I had one cheapo roller stand on the infeed side under a piece of plywood that I used as a sled (wasted it (plywood)) It worked but it wasn't stout enough for that weight after I was done it had settled down a inch or so. 

Main thing is as you said. The weight of the logs getting them up on the table and managing them. I will take some pictures as the project comes to life in the week. Busy racing (pinewood derby cars this weekend) may get to it sunday. Installed the dusty deputy 4" on the bandsaw and it's working like a charm..no dust in the filter! 

Will get some video of the process. Not a lot out on the web on 4' long logs...it's work that is for sure. My other resawing on the bandsaw was 3' long logs and most of those were cedar much lighter than the walnut.
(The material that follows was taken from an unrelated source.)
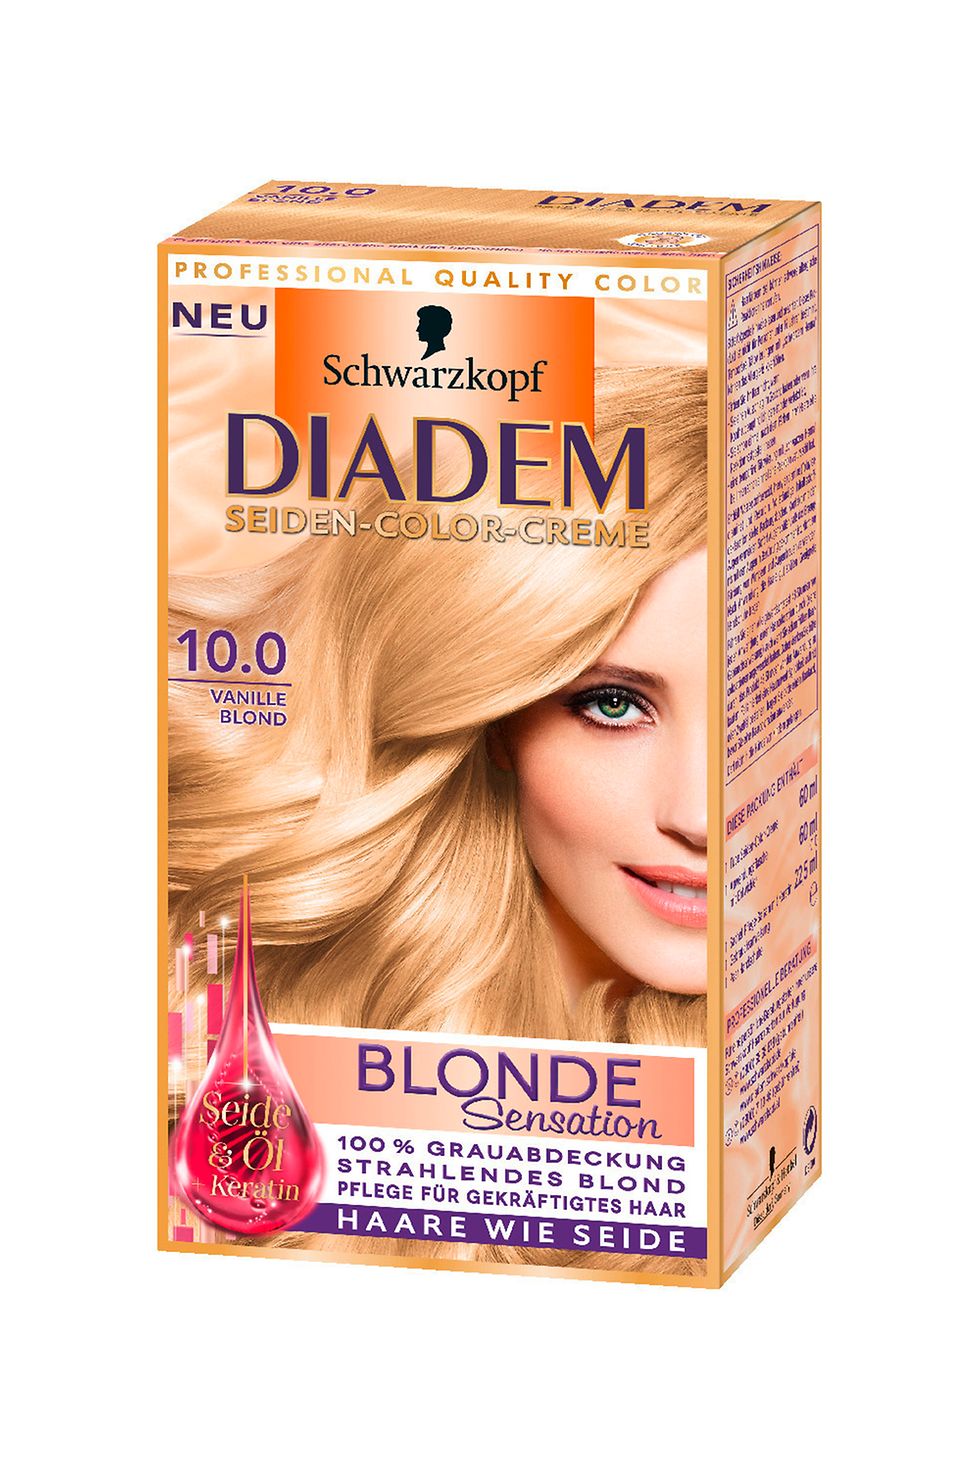 Diadem Seiden-Color-Creme Blonde Sensation 10.0 Vanille Blond

Used a bandsaw mill this past summer and milled a bunch of 10x10x 18' long beams from trees. That was about 5 days of fun up in Alaska. 

4' is my length limit. I may have to back off from that and go 3' if I don't get a good solution. Walnut is HEAVY!

Thanks for posting.


----------



## Mark Jones Ozark (Feb 26, 2019)

I got the aux table built this last sunday. Here is some pictures of my shop update. I will be making the 10' long 28" wide resaw table with roller bearings in it that these two tables will support and allow me to lift the logs up. The resaw fence is already built from a few years ago it has a sliding fence that allows me to keep the log secured while I cut off the lumber. 
This link is a ongoing ling so the pictures could be nested down in this report.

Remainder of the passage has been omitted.